The objective of this study was to study the relationship between SP-D Met31Thr (T/C) polymorphism and the susceptibility of GDM in Chinese patients.
Surfactant collectin such as SP-D is well known to be involved in lung innate immunity to prevent respiratory infections (21). The SP-D Met31Thr polymorphism has been demonstrated correlating with susceptibility to increased incidence or risk of various disorders, including chronic obstructive pulmonary disease (22), allergic rhinitis (23), asthma (24), acute kidney injury (25), obesity and accompanying T2D (26). Interestingly, one C-allele carriers showed decreased circulating SP-D, fasting glucose and lower prevalence of T2D (26). However, in our study TT homozygotes had 11.6% (P<0.05) lower prevalence of GDM than C-allele carriers (OR = 0.473), and the T/C genotypes showed a higher risk of GDM (OR = 2.440). However, the levels of glucose homeostasis markers were not significantly different in women with GDM compared to matched healthy controls. Furthermore, compared with healthy controls, serum SP-D levels in GDM patients were significantly elevated (p<0.01), but no difference was observed in serum SP-D levels between GDM patients with Thr31Thr genotype and those with Met31Thr and Met31Met genotypes. To mitigate effects induced by race difference or heterogeneity in region and living environments, all GDM patients and healthy controls in our study were confined the Chinese Han nationality residing in similar geographic locations from Zhejiang Province of China. As a result, frequencies of genotypes at Met31Thr loci in healthy controls were similar to those reported in previous studies conducted in the Chinese population (25) while the distribution of genotypes in the Chinese population differed from the Western counterpart (26). Therefore, we speculated that the SP-D Met31Thr polymorphism might be used as a biomarker to predict patient susceptibility to Chinese GDM patients.
As an intraexonic polymorphism (rs721917) located in codon 11 in the SP-D N-terminal region, the Met31Thr results in changes in amino acid residues of SP-D protein. It has been reported that the polymorphic variation influences oligomerization, function and circulating concentrations (27). Leth-Larsen et al. (27) found that Thr31Thr genotype produces almost exclusively monomers of SP-D, whereas Met31Met genotype shows multimers such as dodecamers and trimers of subunits. These macromolecule polymers of SP-D may bind to viruses and bacteria, while the monomeric species seem to bind LPS almost exclusively. However, it is unclear how these different oligomeric protein molecules influence other biological function. It needs to be further studies in the future.
In the present study, we found that GDM subjects exhibited higher serum SP-D concentrations compared to healthy controls (p = 0.002), particularly among subjects with Thr31Thr genotype, which might contribute to individual susceptibility.
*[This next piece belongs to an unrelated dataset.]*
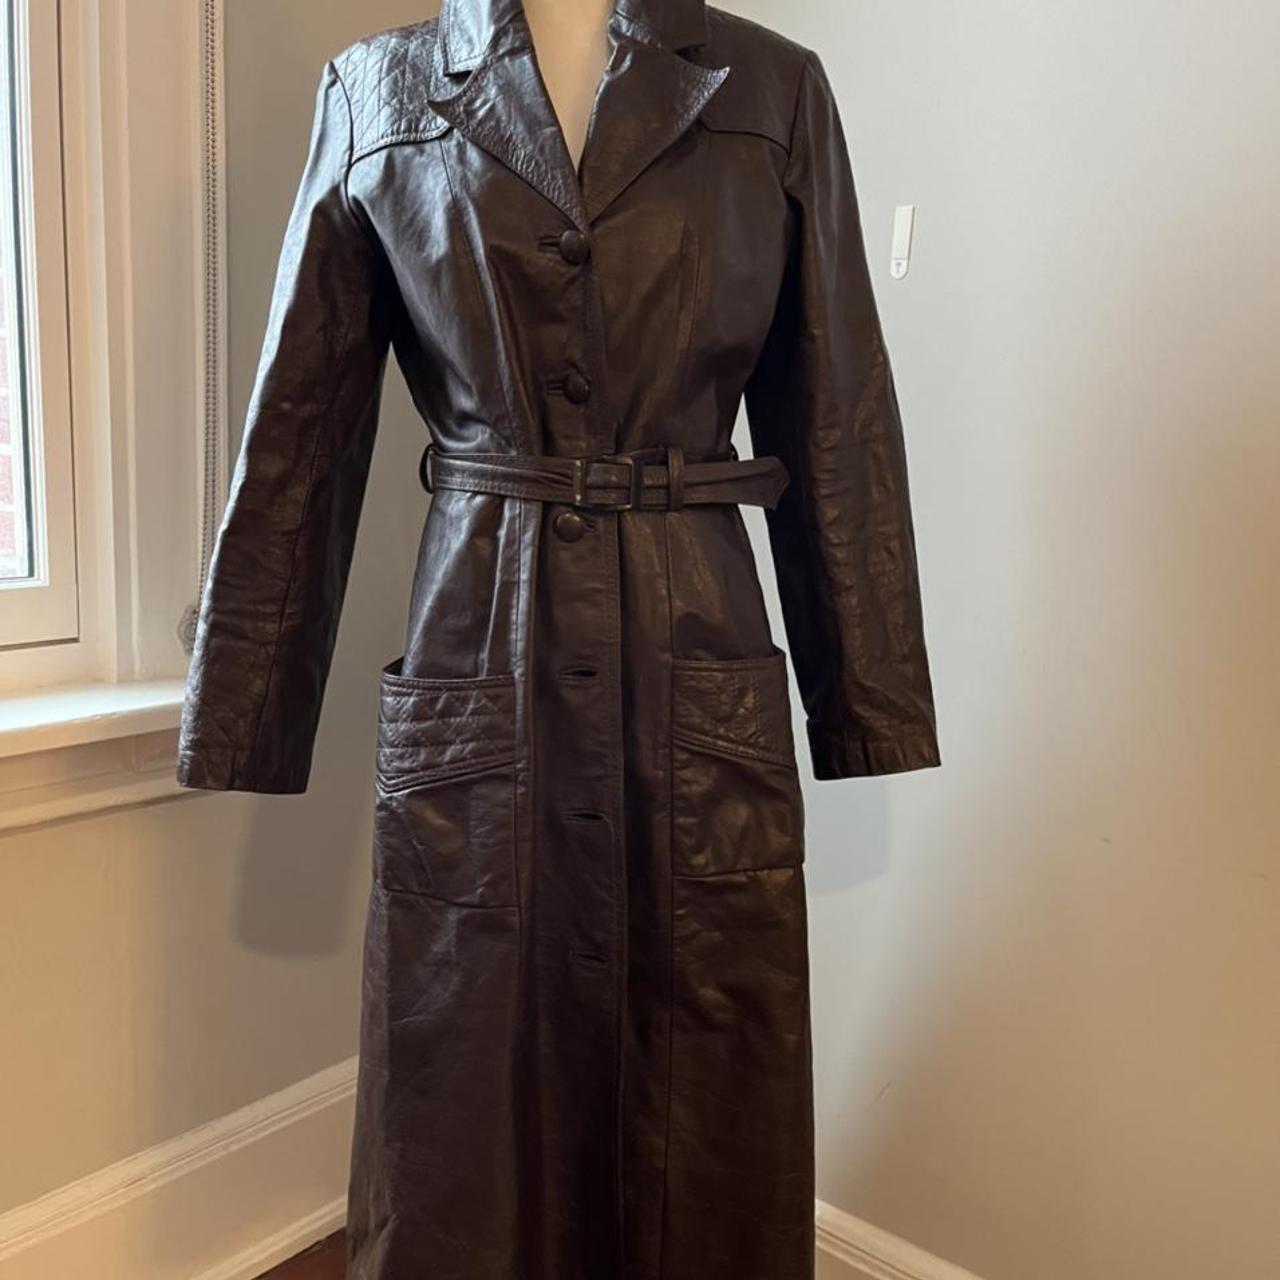 Vintage 70s belted leather trench coat. Chocolate... - Depop
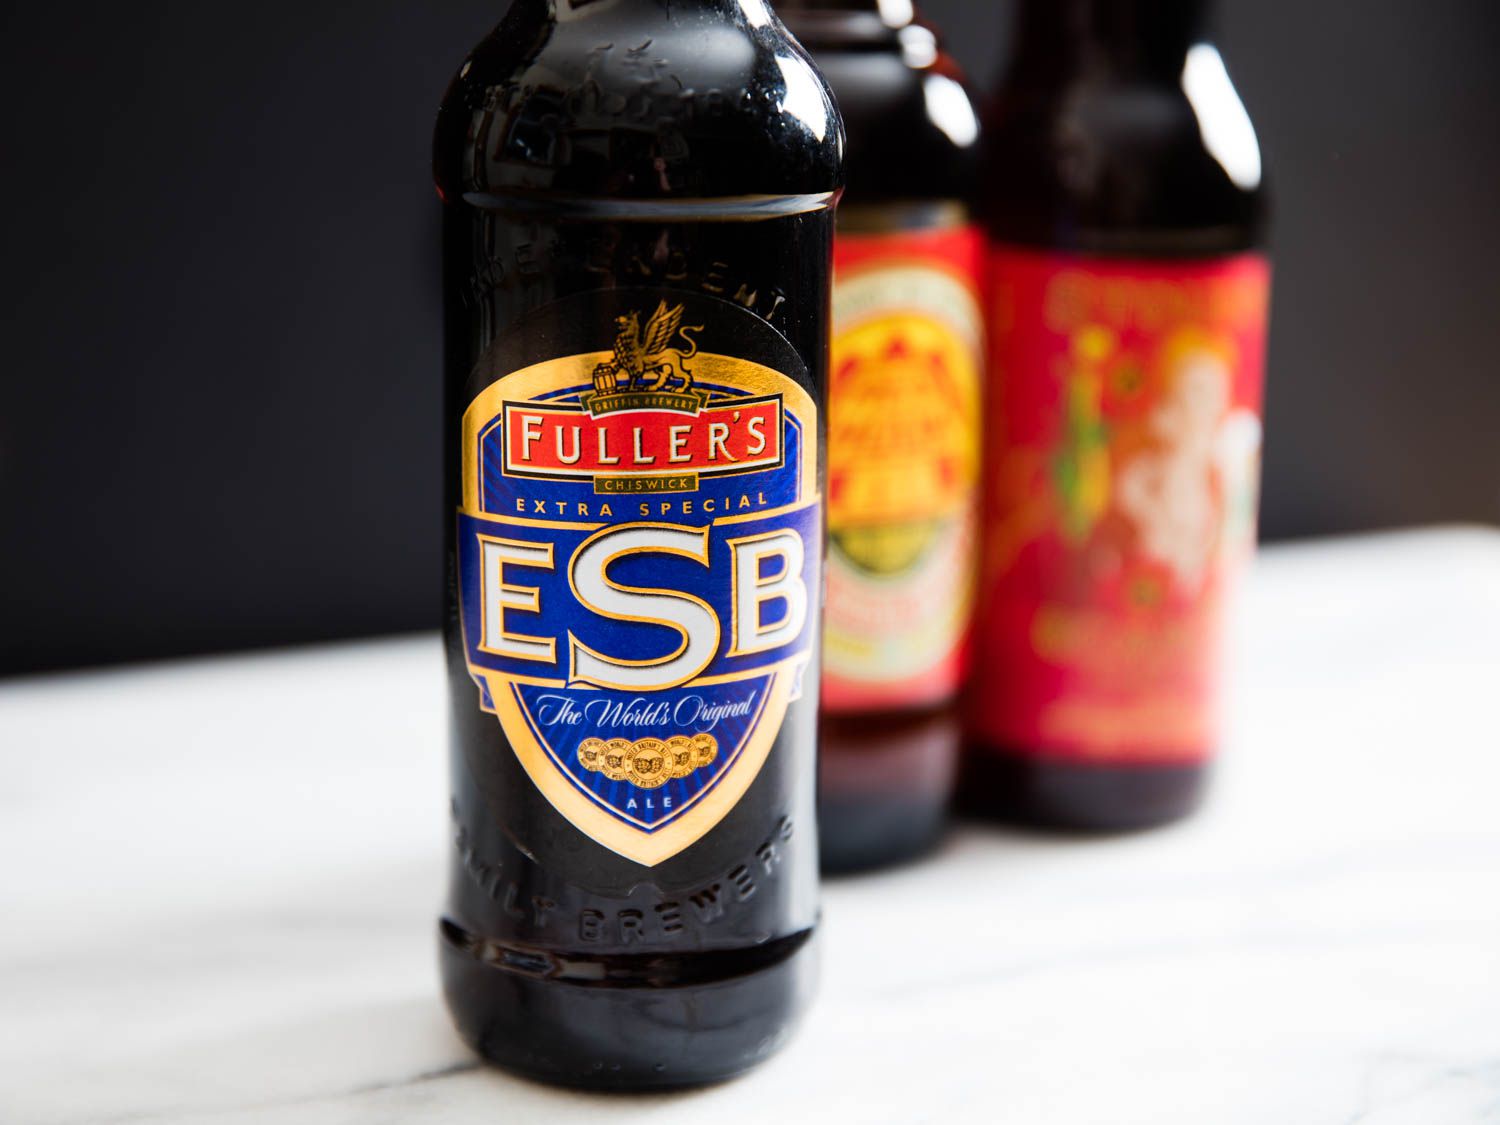 Fuller's Extra Special ESB 0,5l - Extra Special Bitter mit 5,9% Vol. aus England- Champion Ale

However, no difference was observed in serum SP-D levels between GDM subjects with Thr31Thr genotype and those with Met31Thr and Met31Met genotypes. Neus Pueyo et al. (11) found cross-sectional and longitudinal associations of circulating SP-D concentrations within insulin resistance and T2D, and also described that the Met31Thr SP-D gene SNP rs721917 was associated with insulin resistance and the prevalence of T2D (28). In this study, GDM partially shares the same mechanism with T2D, and the possible influence of the Met31Thr SP-D gene SNP on GDM may arise from changes in the molecular structure and/or functional properties of SP-D protein rather than through changes in its circulating concentrations. Jie Yan et al. (29) verified twenty genes associated with T2D and obesity in a Chinese population and found only four SNPs were significantly correlated with GDM, and those risk alleles were associated with lipid profiles and glucose level. Ming et al. (30) genotyped one hundred and twelve susceptibility genetic variants confirmed by genome-wide association studies for T2D from two independent populations, and identified only eleven SNPs associated with the risk of GDM. These findings might be explained by two possible reasons. Firstly, mechanisms responsible for incidence or progression vary from gestational diabetes mellitus (GDM) and obesity or its accompanying T2D. Besides, as one of the metabolic diseases, GDM is involved in interactions between genetic and environmental or nutritional factors, which indicates that GDM pathogenesis could be attributed to various elements besides genetic polymorphisms. Secondly, our study was carried only in the Chinese Han population, which expressed different genetic variants due to race, region, and living environments.
In conclusion, we found at first time that SP-D gene polymorphism (rs721917) was associated with GDM and there is higher serum SP-D level in the GDM compared to matched healthy controls.